И взаимосвязь действительно есть. Надо знать порядок применения оружия в средневековом сражении. Пояснение к такому порядку дает академик Д.С. Лихачев: «копье было оружием первой стычки и почти всегда ломалось в ней» . Георгий побеждает молниеносно, причем, не ломая копья, ибо побеждает не столько своей силой, сколько Божией.

По этой причине на остроуховской иконе из-за спины Победоносца выглядывает щит с ликом солнца. Щит – символ и атрибут защиты: само слово «за-щита» говорит об охранении человека. Будет ошибкой видеть в изображении солнца «рудименты языческого солярного культа». Солнце – довольно устоявшийся символ Христа. Здесь проводится мысль о всеспасительной роли Сына Человеческого. Да и то, что за редкими исключениями св. Георгий скачет на белом коне и вправо (от зрителя), показывает нам, Чья сила движет змееборцем. По Дионисию Ареопагиту, образ коней означает «покорность и послушность, причем белые указывают на светлость и как бы особую родственность божественному свету, вороные – на сокровенность» . В нередких новгородских и псковских «исключениях» Георгий сидит именно на вороном коне, а если и скачет влево, то слева же и находится сегмент мандорлы со Христом . На московские и суздальские памятники (особенно с XVI в.) данное правило не распространяется.

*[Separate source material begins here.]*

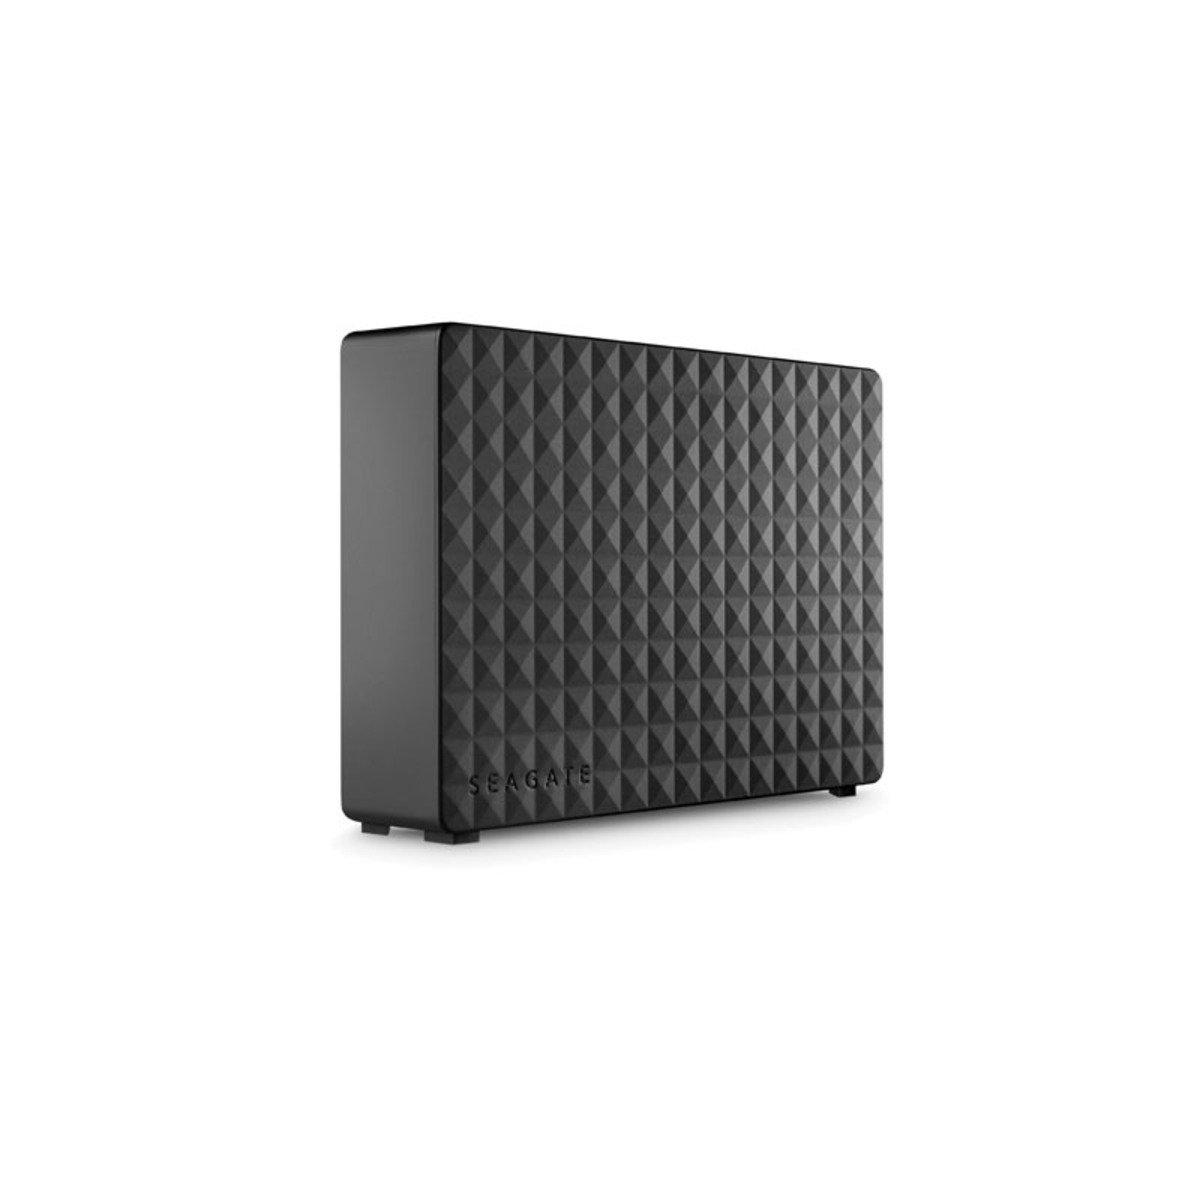 Expansion 4TB USB 3.0 3.5吋 外置硬碟 STEB4000300
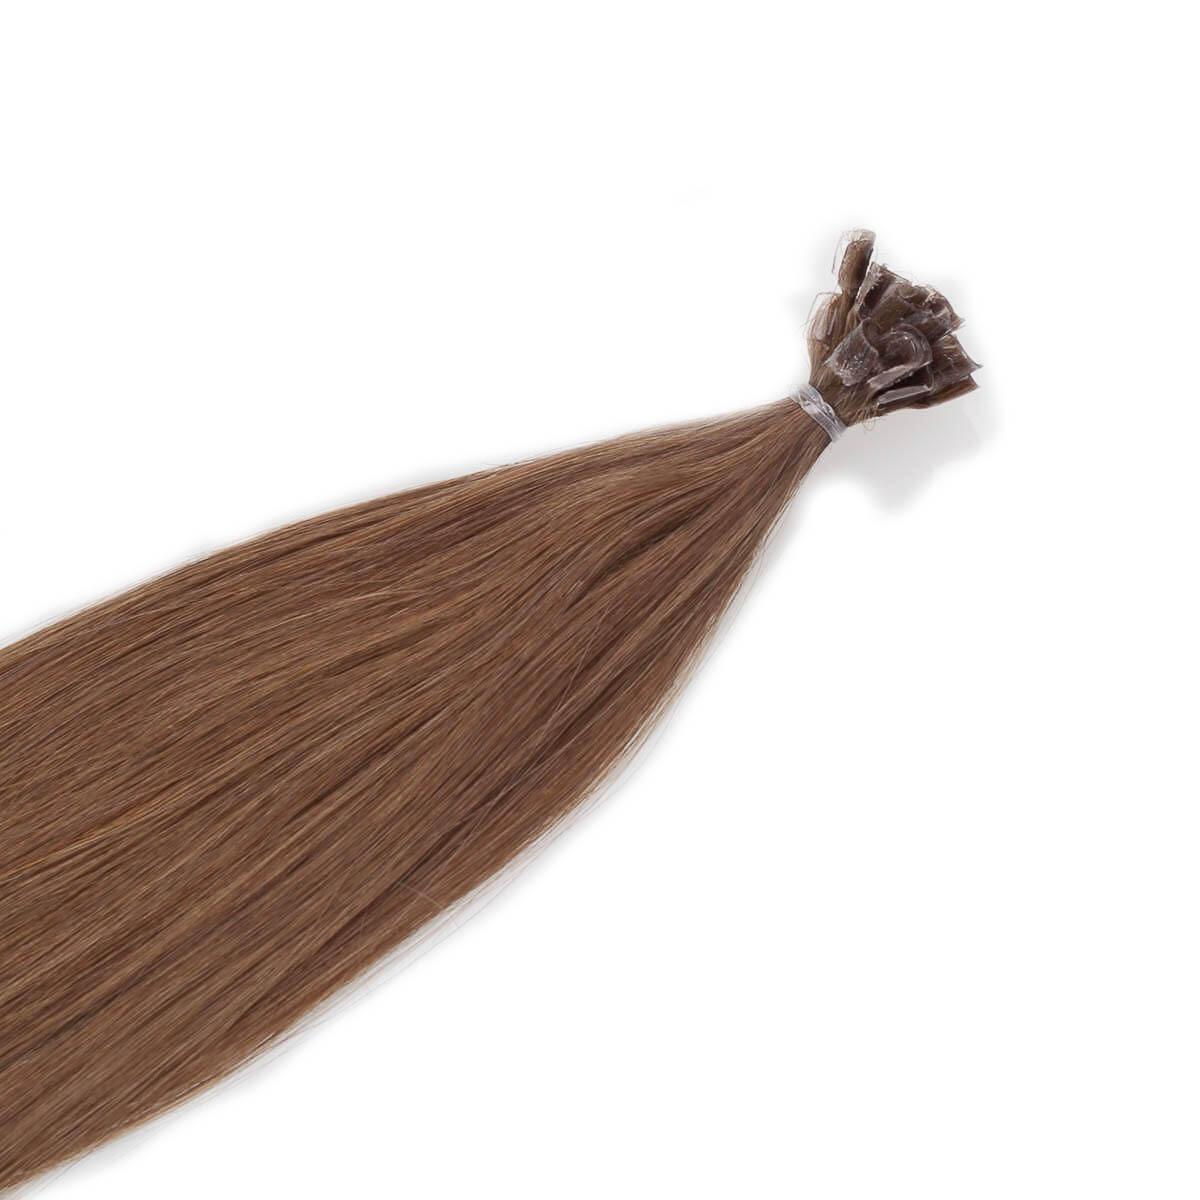 Nail Hair Original 5.1 Medium Ash Brown 40 cm

После трактовки Дионисия Ареопагита занятно читать, что «белый конь выглядит как символ душевной чистоты» (кого? Лошади?!) и что «блистающий белизной конь – это подобие апокалиптического «бледного коня». Если конь блистает, то он ослепителен, а не бледен. Белый цвет здесь – символ, синоним трансцендентного Божественного света, проникающего по сю сторону бытия. Поэтому изображение белого коня в качестве неподобного символа прикровенно напоминает о силе Божией, побеждающей зло (подчеркнем: силе, а не Ипостаси). Увязывание жития св. Георгия с Апокалипсисом, по меньшей мере, надуманно и нелогично. В свое время имел место, конечно, так называемый апокрифический апокалипсис св. Георгия, но связывать его с Откровением св. Иоанна Богослова нет никаких оснований.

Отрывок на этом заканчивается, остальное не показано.